Revendications salariales des médecins: il faudra bien un jour mettre fin au chantage

Deux chercheurs proposent des solution pour mettre fin au « chantage » des médecins spécialistes.

Christian Bordeleau – Doctorant à la School of Public Policy and Administration, Carleton University
Benoît Dubreuil – Chercheur postdoctoral, Université du Québec à Montréal.

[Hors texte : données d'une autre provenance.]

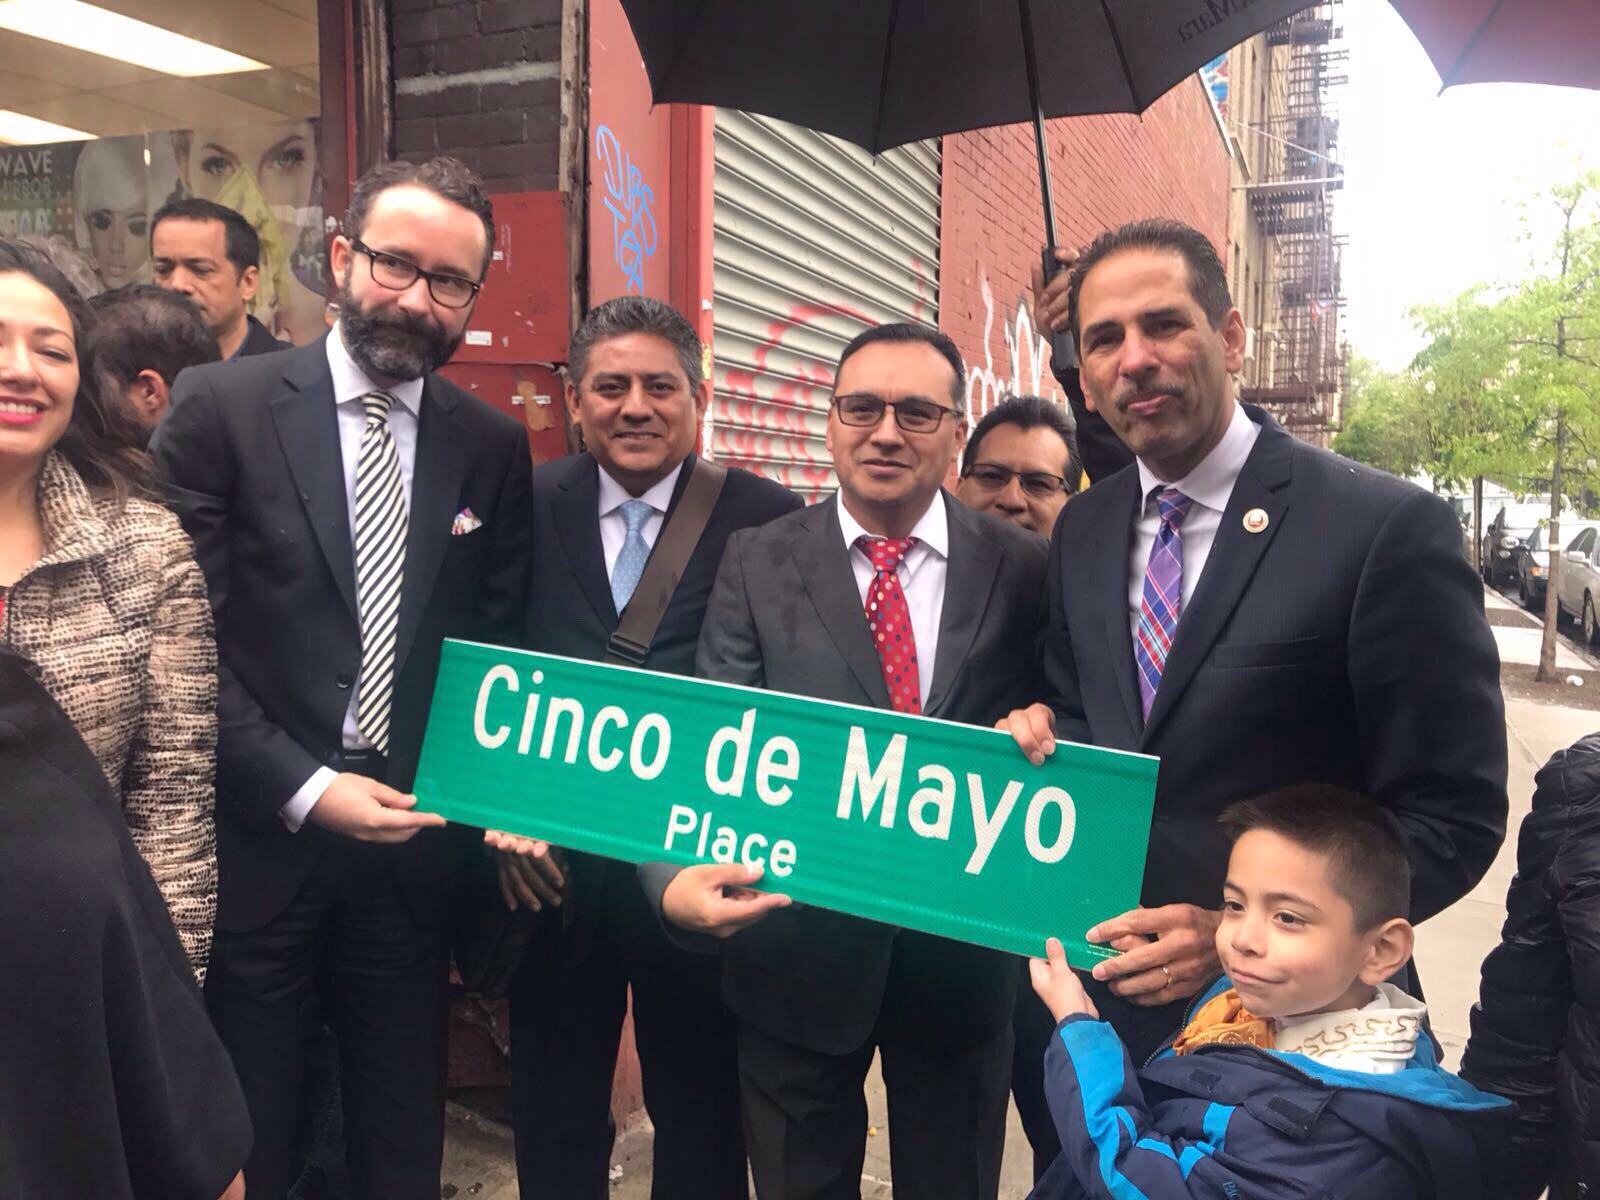 Nombran Cinco de Mayo a calle del Bronx en ciudad de Nueva York
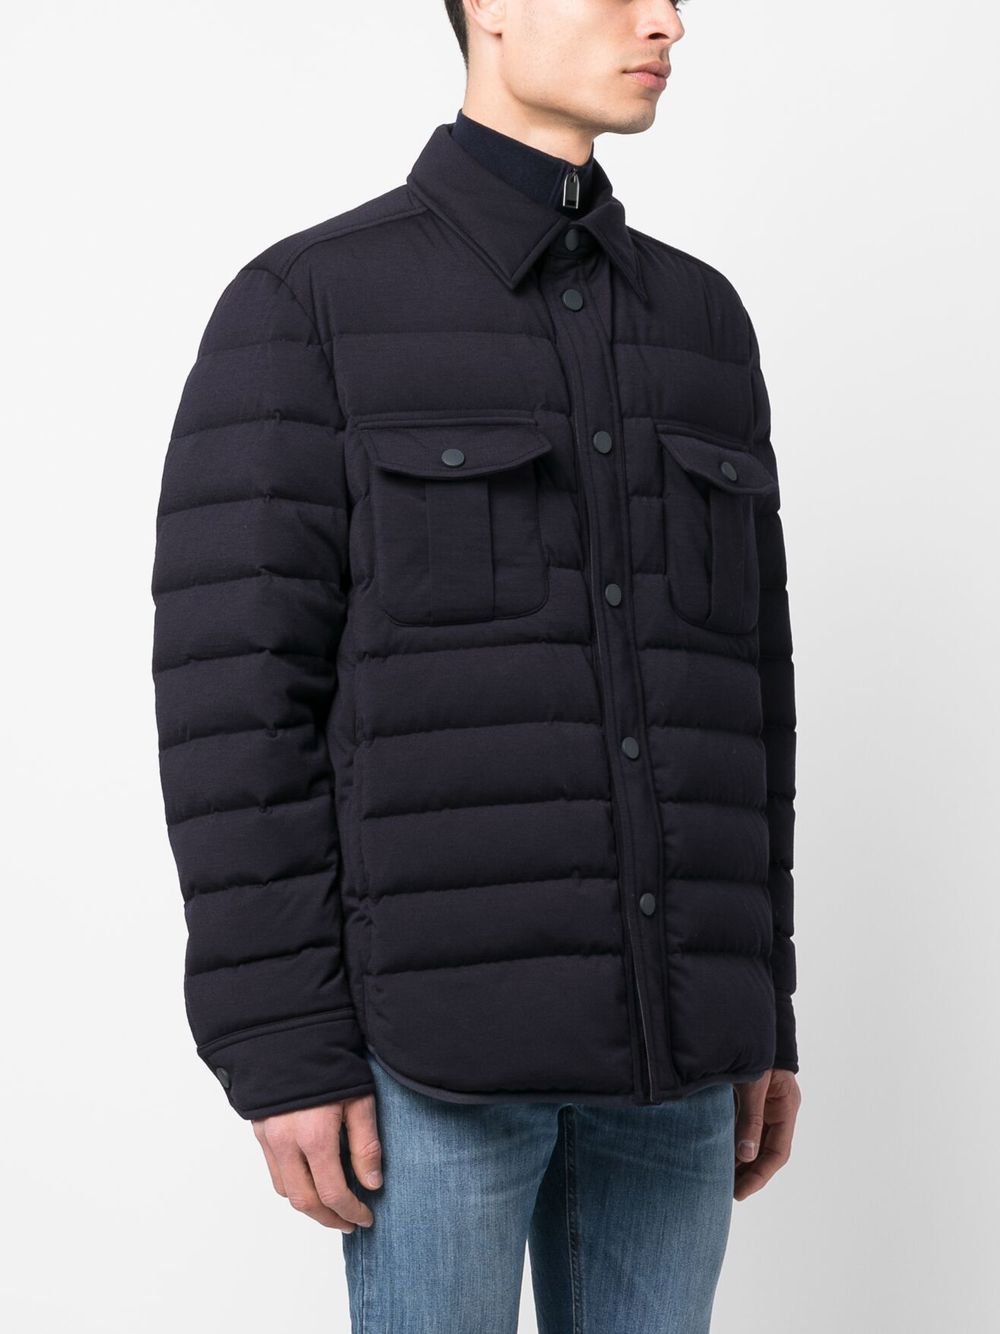 디자이너 남자 재킷 Brioni 패딩 셔츠 재킷 스프링 겉옷 캐주얼 옷 긴 소매 재킷 라펠 목 상판

Le 1 er février dernier, le président de la Fédération des médecins spécialistes, Gaétan Barrette, a déclaré « catégoriquement » que les hausses de salaire requises pour ses membres étaient de l’ordre « d’au moins 4 %, voire 5 à 6 % par année. » (Le Devoir, 1 février 2010). Déjà en 2006, le ministre Philippe Couillard avait été choqué par la gourmandise des représentants des travailleurs les mieux rémunérés par l’État québécois. « La population québécoise est en droit de s’attendre à ce que ses médecins spécialistes fassent preuve d’un sens des responsabilités plus élevé », avait-il lancé. À ce moment, la fédération ne demandait rien de moins qu’une augmentation de 138 758$. Aujourd’hui, les « correctifs » déjà apportés devraient être encore bonifiés « pour éviter les perturbations dans le réseau ». À terme, la rémunération des médecins spécialistes devrait atteindre près de 400 000$.

Le « libre » marché, mais encore ?

Le président de la FMSQ explique les revendications salariales par les lois du marché : « ce n’est pas pour [nous] faire plaisir, c’est pour suivre le marché, point. » (Le Devoir, 1 février 2010). L’argument est limpide : il faut suivre les augmentations salariales du Canada, sinon les médecins quitteront. Mais de quel marché parle-t-on? Pour qu’un marché soit efficient, dans la vision néo-classique de l’économie, il faut que l’offre et la demande soit libre. Pour l’instant, le Collège des médecins et les facultés de médecine contrôlent l’offre. C’est ce qu’on appelle un monopole. Les Québécois qui souhaitent obtenir une formation en médecine pour prêter main-forte aux communautés qui en ont besoin n’ont tout simplement pas la possibilité de le faire. Cette situation persiste bien que des milliers de personnes soient intéressées à accéder à la profession médicale, à cause des conditions salariales incomparables qu’elle offre (seulement à l’Université de Montréal, 1474 candidats ont été refusés à l’automne 2009).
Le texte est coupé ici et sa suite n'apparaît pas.